Calibrated Boosting-Forest (CBF) is an integrative technique that leverages both continuous and binary labels and output calibrated posterior probabilities. It is originally designed for ligand-based virtual screening and can be extended to other applications. Calibrated Boosting-Forest is a package created by Haozhen Wu from Small Molecule Screening Facility
at University of Wisconsin-Madison.

For more details, please see our paper:
Calibrated Boosting-Forest by Haozhen Wu

Key features:

  • Take both continuous and binary labels as input (multi-labels)
  • Superior ranking power over individual regression or classification model
  • Output well calibrated posterior probabilities
  • Streamlined hyper-parameter tuning stage
  • Support multiple evaluation and stopping metrics
  • Competitive benchmark results for well-known public datasets
  • XGBoost backend

Table of contents:

Dependencies:

Installation

We recommend you to use Anaconda for convenient installing packages. Right now, LightChem has been tested for Python 2.7 under OS X and linux Ubuntu Server 16.04.

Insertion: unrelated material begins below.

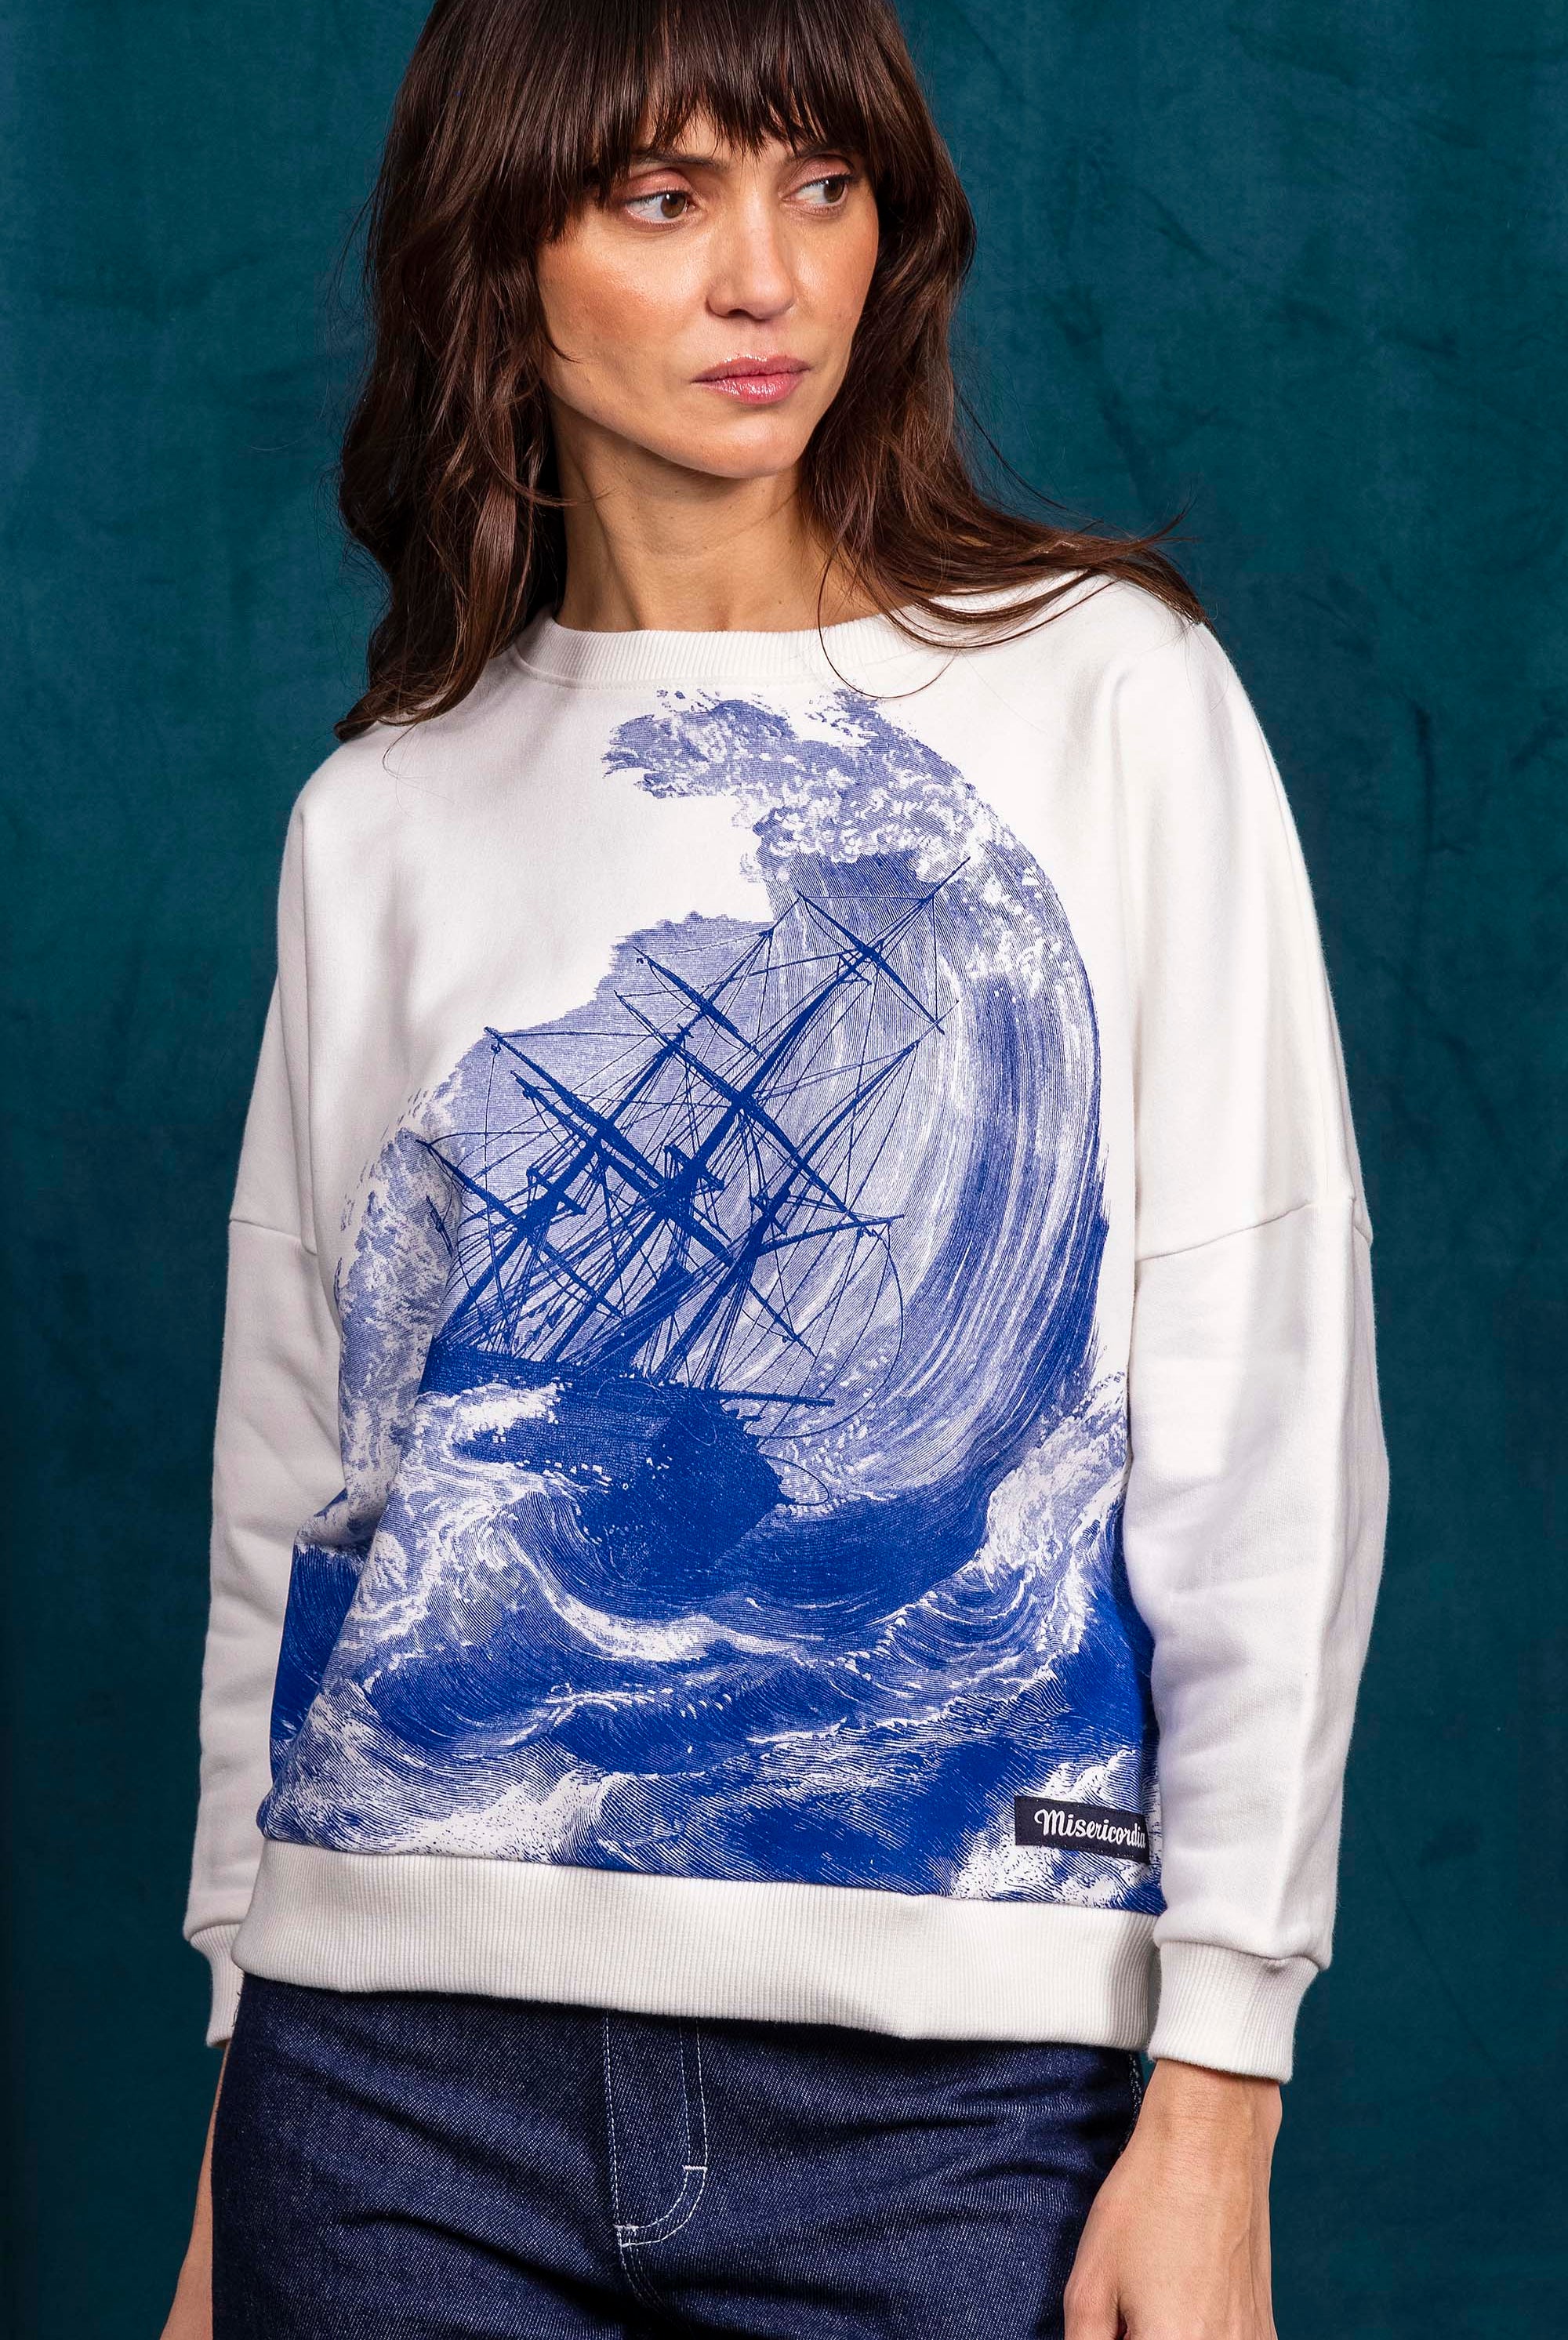 Sweatshirt Contracorriente Rescate Écru sweatshirt femme, pièce basique et vêtement cocooning du quotidien

  1. Download 64-bit Python 2.7 version of Anaconda for linux/OS X here and follow the instruction. After you installed Anaconda, you will have most of the dependencies ready.

  2. Install git if do not have:
    Linux Ubuntu:

    sudo yum install git-all
  3. Install scikit-learn:

    conda install scikit-learn=0.18
  4. Install conda distribution of xgboost

    conda install --yes -c conda-forge xgboost=0.6a2
  5. Install rdkit Note: rdkit is only used to transform SMILE string into fingerprint.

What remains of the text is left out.